Accept that some S3 features (CORS, Website hosting, CloudFront) are not yet implemented Care about advanced list-objects options (to list shards), working with remote clusters, non-S3 buckets)
Are okay with slight performance overhead from the S3‑to‑AIS adaptation layer (MD5 hashing, XML marshaling/translation) Want full Prometheus visibility with AIS‑rich metrics & labels

Table of Contents


Environment assumption – Local Playground

The CLI examples below use localhost:8080, which is the default endpoint when running AIS in the Local Playground.

For other deployment modes (including Kubernetes Playground, Docker Compose, bare-metal cluster, or Kubernetes for production deployments) — replace the host:port with any AIS gateway endpoint.

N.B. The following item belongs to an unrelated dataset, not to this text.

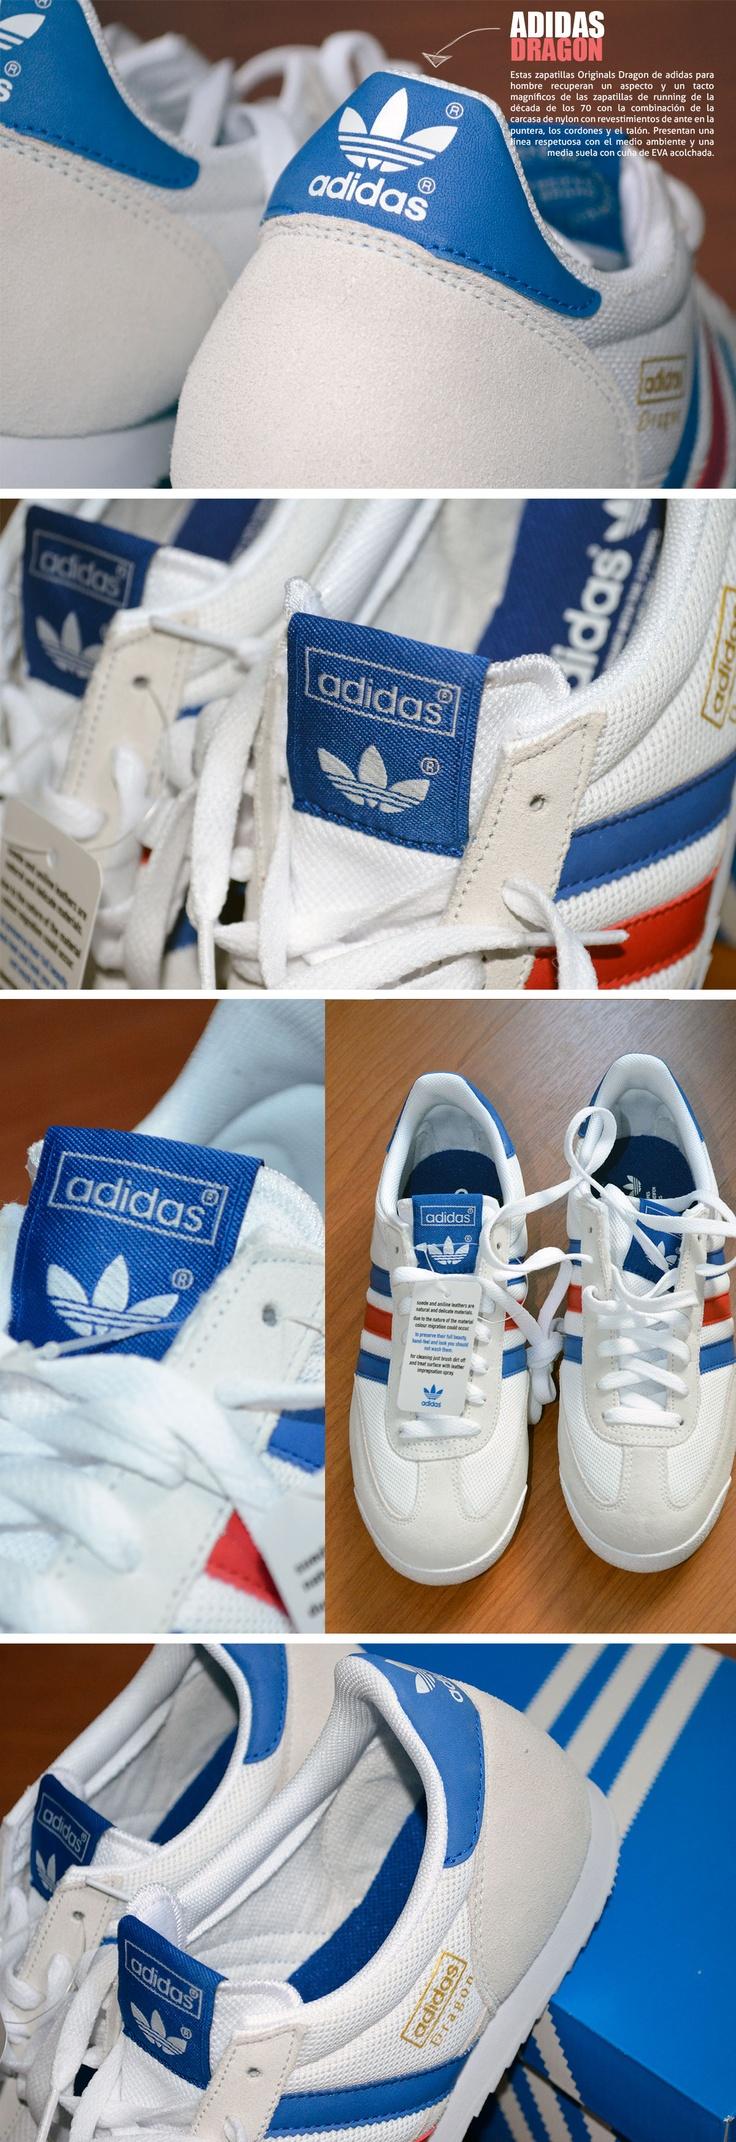 meet 946ef 60e91 Tennis Adidas Dragon  tennis  adidas  sport  sportwear  casual  fashion

See Deployment Options and the main project Features list for a broader overview.


Quick Start

Quick start with aws CLI

AWS_EP=http://localhost:8080/s3
aws --endpoint-url "$AWS_EP" s3 mb s3://demo
aws --endpoint-url "$AWS_EP" s3 cp README.md s3://demo/
aws --endpoint-url "$AWS_EP" s3 ls s3://demo
# Expected output:
# 2023-05-14 14:25     10493   s3://demo/README.md

Quick start with s3cmd

One‑liner (HTTP):

s3cmd put README.md s3://demo \
  --no-ssl \
  --host=localhost:8080/s3 \
  --host-bucket="localhost:8080/s3/%(bucket)"

# Expected output:
# upload: 'README.md' -> 's3://demo/README.md' [1 of 1]
# 10493 of 10493   100% in    0s     4.20 MB/s  done

Tip — use a cluster‑specific .s3cfg so you can drop the --host* flags. See the Example .s3cfg section below.


Configuring Clients

Finding the AIS endpoint

Choose any gateway’s host:port and append /s3, e.g. 10.10.0.1:51080/s3. All gateways accept reads and writes, so you can connect to any of them.

In fact, AIS gateways are completely equivalent, API-wise.


Checksum considerations

Amazon S3’s ETag is MD5 (or a multipart hash); AIS defaults to xxhash for better performance. To avoid client mismatch warnings, set MD5 per bucket:

ais bucket props set ais://demo checksum.type=md5      # per bucket
# OR cluster‑wide default
ais config cluster checksum.type=md5

Setting the checksum type to MD5 ensures compatibility with S3 clients that validate checksums, though it comes with a minor performance cost compared to xxhash.


HTTPS vs HTTP

Enable TLS in ais.json (net.http.use_https=true) or pass --no-ssl/--insecure flags when using tools. By default, AIS uses HTTP, while many S3 clients expect HTTPS.


Using s3cmd with AIS

Interactive s3cmd --configure transcript

$ s3cmd --configure
Enter new values or accept defaults in brackets with Enter.
Access Key: FAKEKEY
Secret Key: FakeSecret
Default Region [US]:
Use HTTPS protocol [Yes]: n
HTTP Proxy server name:
New settings:
  Access Key: FAKEKEY
  Secret Key: FAKESECRET
  Region: US
  Use HTTPS protocol: False
  HTTP Proxy server name:

Test access with supplied credentials? [Y/n] y
Please wait, attempting to list buckets...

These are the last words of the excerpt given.